P1024 geometric mean concentration (GMC) according to immunologic strata. GMCs of measles neutralizing antibody are shown at each P1024 study visit for all subjects combined and according to immunologic stratum. The GMC of stratum 4 was higher than that of strata 2 and 3 at entry (P < .001); differences among strata were not significant after study MMR vaccination, administered at study week 16. Time point 0 on the x-axis reflects the GMC of serum samples obtained at entry. Eight, 32, and 80 weeks postvaccination correspond to study weeks 24, 48, and 96, respectively. Abbreviations: Ndr, nadir; Scr, screening.
Figure 2.
Figure 2.
P1024 proportion of subjects with antibody concentration ≥120 mIU/mL according to P1024 HIV RNA group and P1024 geometric mean concentration (GMC) according to P1024 HIV RNA group.
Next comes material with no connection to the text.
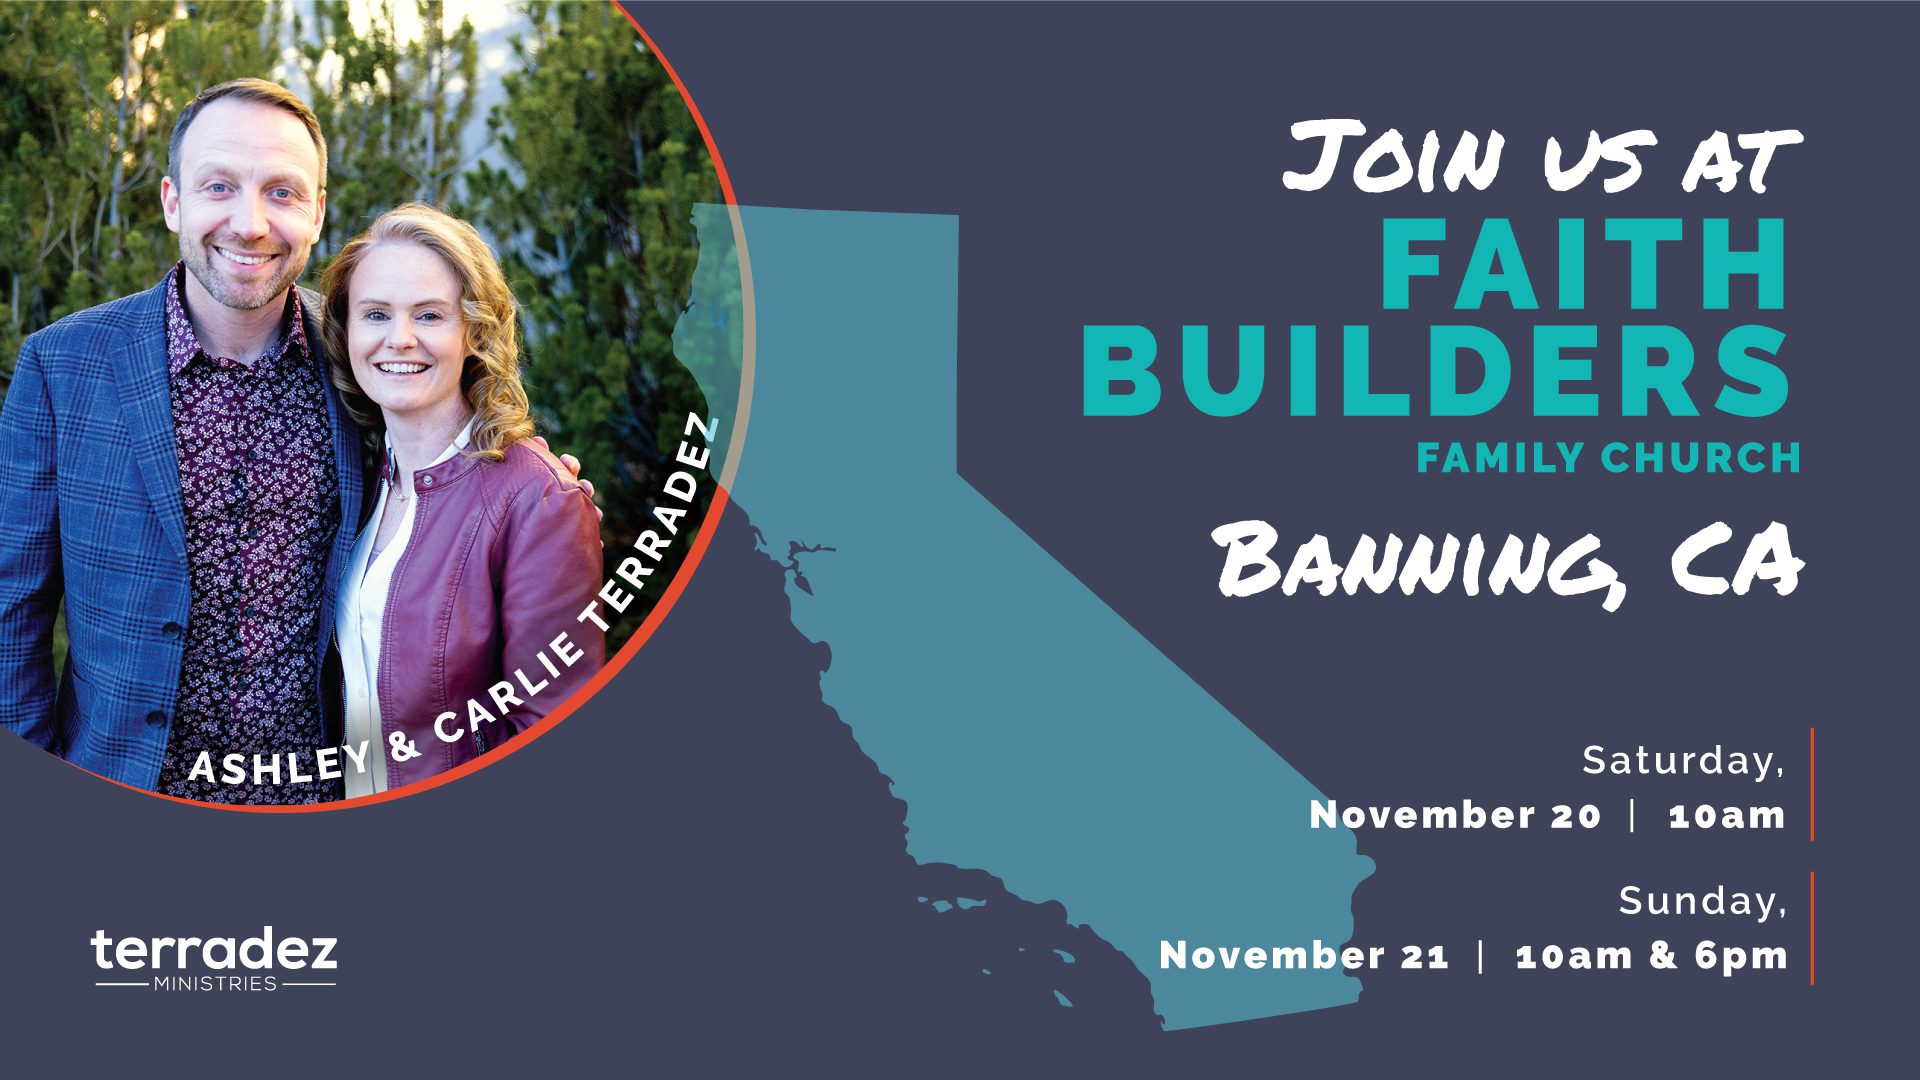 Ashley and Carlie Terradez at Faith Builders Family Church in Banning, California. November 20-21, 2021.

Proportion of subjects with protective measles neutralizing antibody concentrations (top panel, A) and GMCs of measles neutralizing antibody (bottom panel, B) are shown at each P1024 study visit according to P1024 HIV viral load group. The proportion with protective (≥120 mIU/mL) antibody concentrations was higher for subjects with ≤400 copies/mL than for each of the other viral load groups at each time point after study MMR vaccination, administered at study week 16. The GMC of subjects with a viral load ≤400 copies/mL was higher than that of subjects with a viral load >5000 copies/mL at entry (P = .004) and higher than that of each of the other 2 viral load groups at each time point after study MMR vaccination (P ≤ .004). Time point 0 on the x-axis reflects results of serum samples obtained at entry. Eight, 32, and 80 weeks postvaccination correspond to study weeks 24, 48, and 96, respectively. Bars represent 95% confidence intervals.
Figure 3.
Figure 3.
P1061s geometric mean concentration (GMC) according to immunologic strata. GMCs of measles neutralizing antibody are shown at each P1061s study visit for all subjects combined and according to immunologic stratum. A trend toward higher GMCs with increasing stratum was present at P1061s entry and day 7, but differences were not significant. MMR vaccine was administered on P1061s day 0.
Figure 4.
Figure 4.
P1061s geometric mean concentration (GMC) according to P1024 HIV RNA group. GMCs of measles neutralizing antibody are shown at each P1061s study visit for all subjects combined and according to HIV viral load ≤400 copies/mL vs >400 copies/mL at the P1024 MMR visit. The GMC of subjects with a viral load ≤400 copies/mL was higher than that of subjects with a viral load >400 copies/mL at P1061s entry and day 7. MMR vaccine was administered on P1061s day 0.